We have two coaxial convex lenses: $$L_1$$ with focal length $$f_1 = 24$$ cm and $$L_2$$ with focal length $$f_2 = 9$$ cm, separated by 10 cm. An object is placed 6 cm from $$L_1$$, and we seek the distance between the object and the final image.

We apply the lens formula $$\dfrac{1}{v} - \dfrac{1}{u} = \dfrac{1}{f}$$ to the first lens, $$L_1$$. Here the object distance is $$u_1 = -6$$ cm (using the sign convention that left of the lens is negative) and the focal length is $$f_1 = 24$$ cm. Substituting these values gives $$\dfrac{1}{v_1} - \dfrac{1}{-6} = \dfrac{1}{24}$$, which simplifies to $$\dfrac{1}{v_1} + \dfrac{1}{6} = \dfrac{1}{24}$$. Therefore, $$\dfrac{1}{v_1} = \dfrac{1}{24} - \dfrac{1}{6} = \dfrac{1-4}{24} = \dfrac{-3}{24} = \dfrac{-1}{8}$$, giving $$v_1 = -8$$ cm. Hence the image formed by $$L_1$$ is 8 cm to the left of $$L_1$$ (a virtual image on the same side as the object).

Since the second lens $$L_2$$ is 10 cm to the right of $$L_1$$, this virtual image lies $$8 + 10 = 18$$ cm to the left of $$L_2$$ and thus acts as an object for $$L_2$$ with $$u_2 = -18$$ cm.

Applying the lens formula $$\dfrac{1}{v} - \dfrac{1}{u} = \dfrac{1}{f}$$ to $$L_2$$, we substitute $$u_2 = -18$$ cm and $$f_2 = 9$$ cm to obtain $$\dfrac{1}{v_2} - \dfrac{1}{-18} = \dfrac{1}{9}$$. This becomes $$\dfrac{1}{v_2} + \dfrac{1}{18} = \dfrac{1}{9}$$, so $$\dfrac{1}{v_2} = \dfrac{1}{9} - \dfrac{1}{18} = \dfrac{2-1}{18} = \dfrac{1}{18}$$, and hence $$v_2 = 18$$ cm.

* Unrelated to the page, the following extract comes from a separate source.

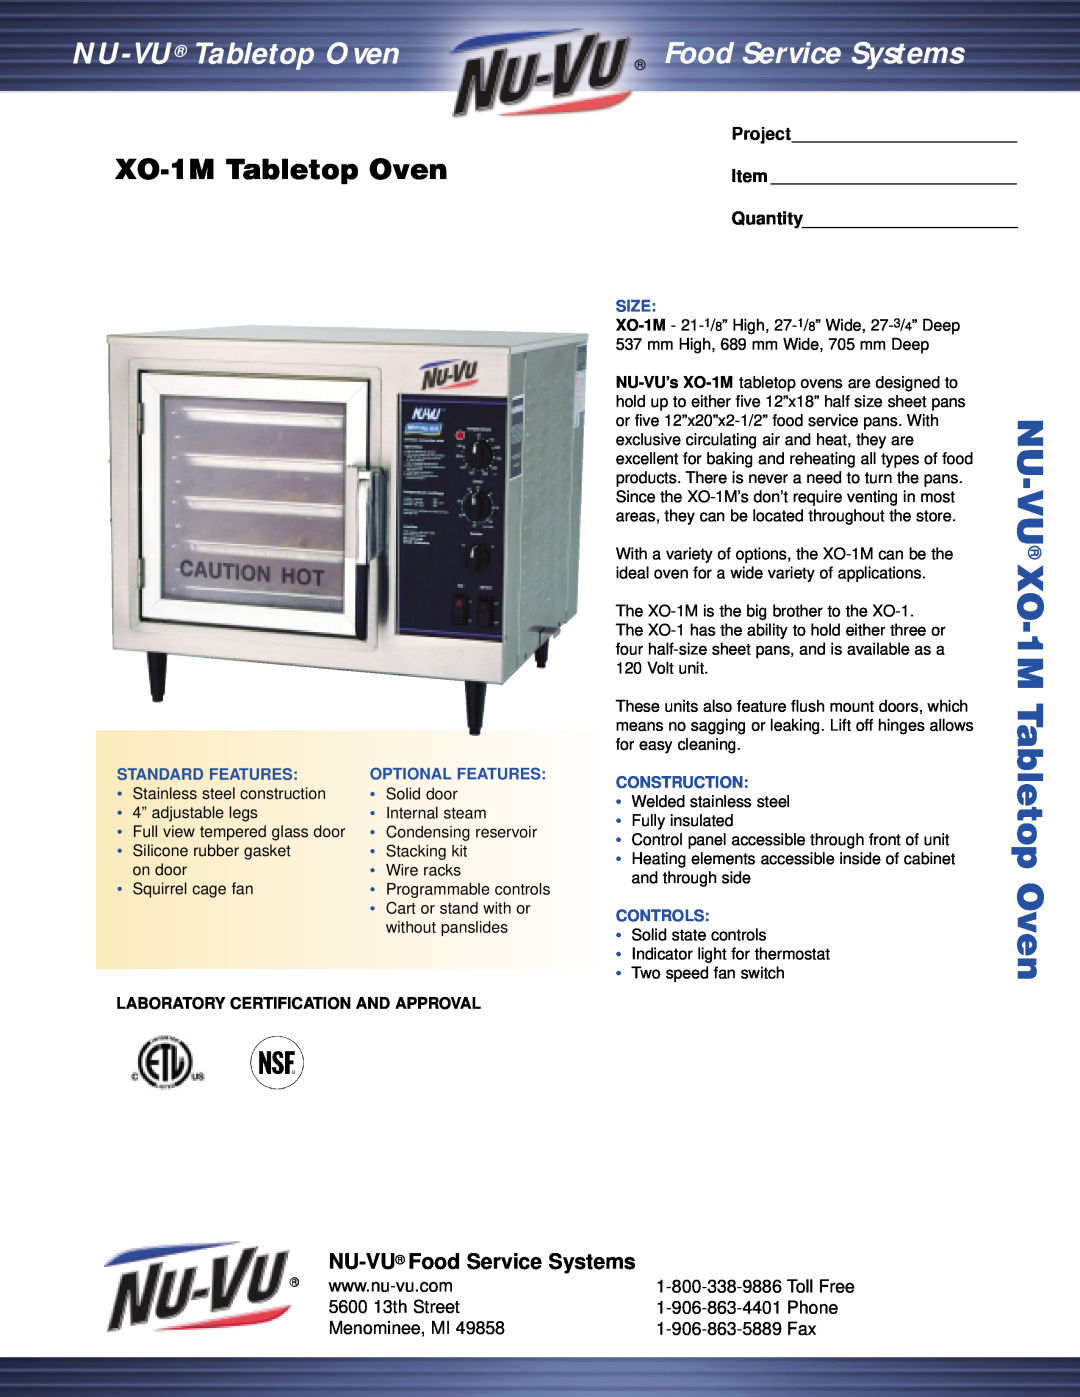 Middleby Cooking Systems Group manual XO-1MTabletop Oven, NU-VU Food Service Systems, 5600 13th Street, Phone, Size 
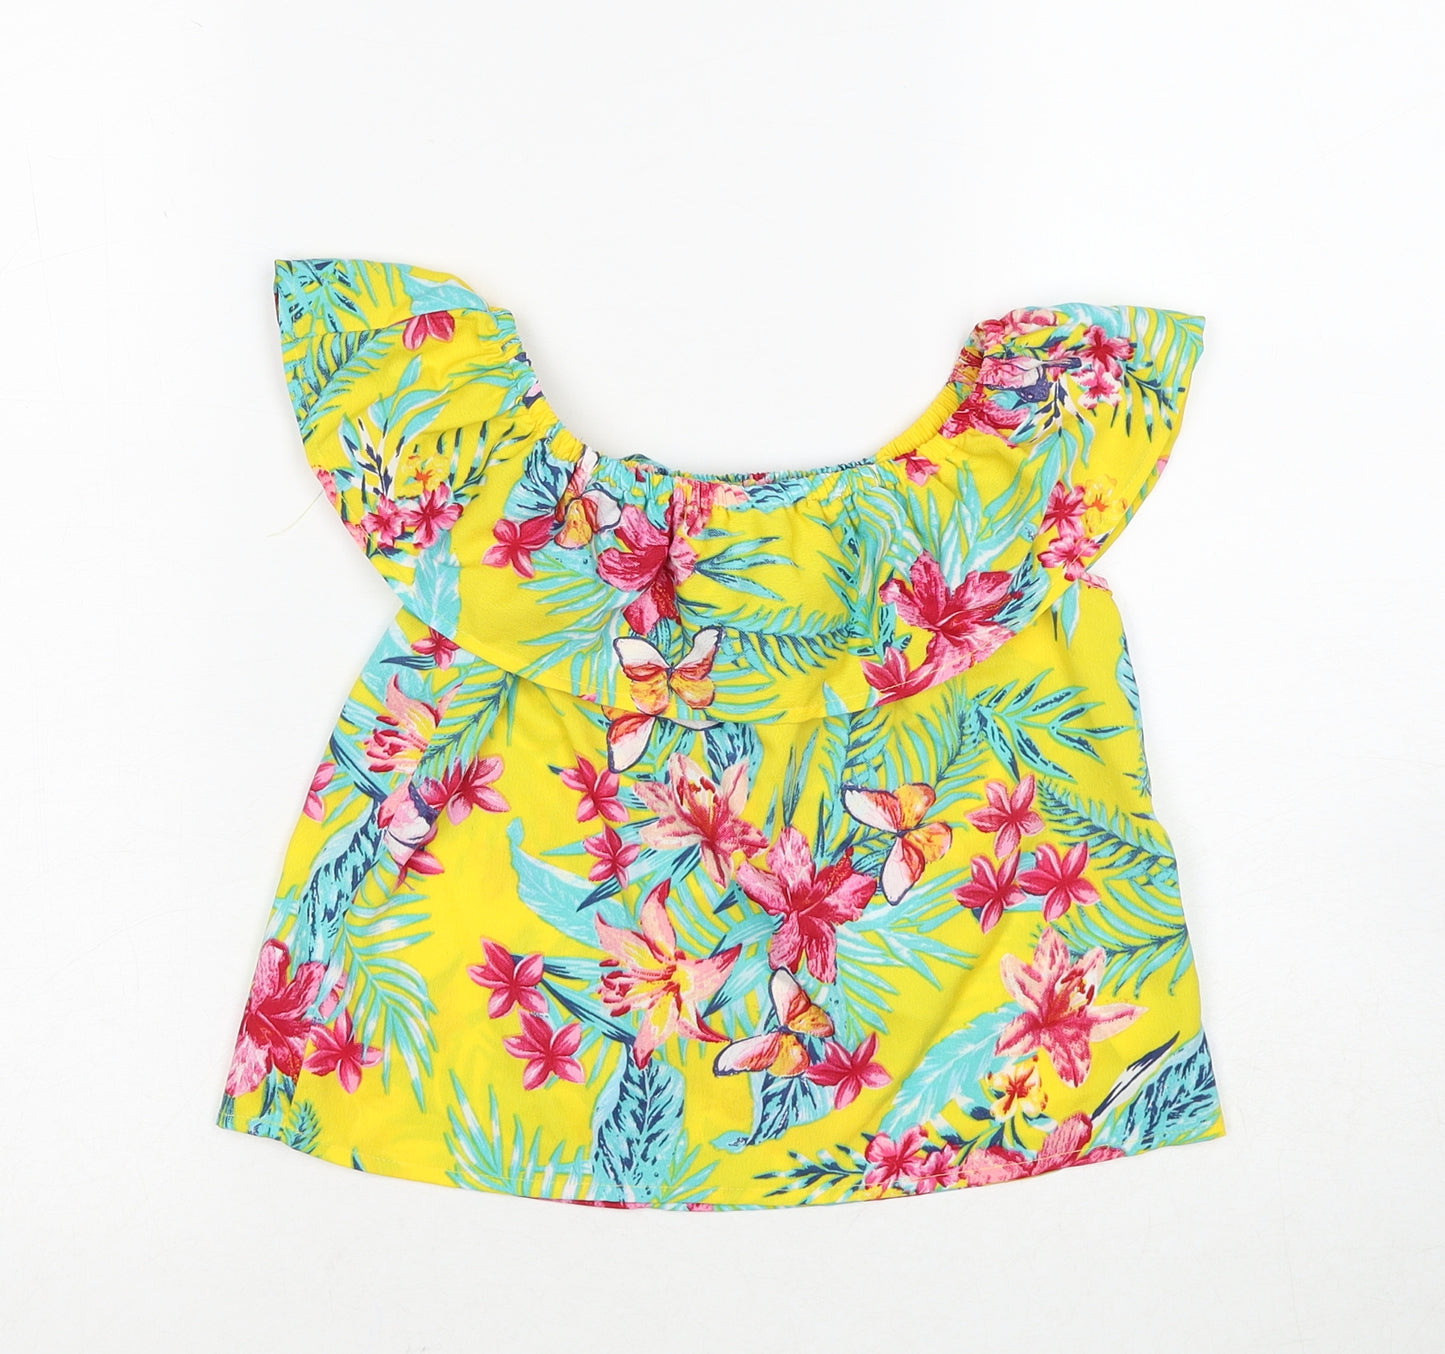 Primark Girls Yellow Floral Polyester Basic Blouse Size 8-9 Years Round Neck Pullover - Tropical Print

Consequently, the final image is 18 cm to the right of $$L_2$$.

Finally, since the object lies 6 cm to the left of $$L_1$$ and the final image lies 18 cm to the right of $$L_2$$, which itself is 10 cm to the right of $$L_1$$, the total separation between object and final image is $$6 + (10 + 18) = 6 + 28 = 34$$ cm. Thus the required distance is $$\boxed{34}$$ cm.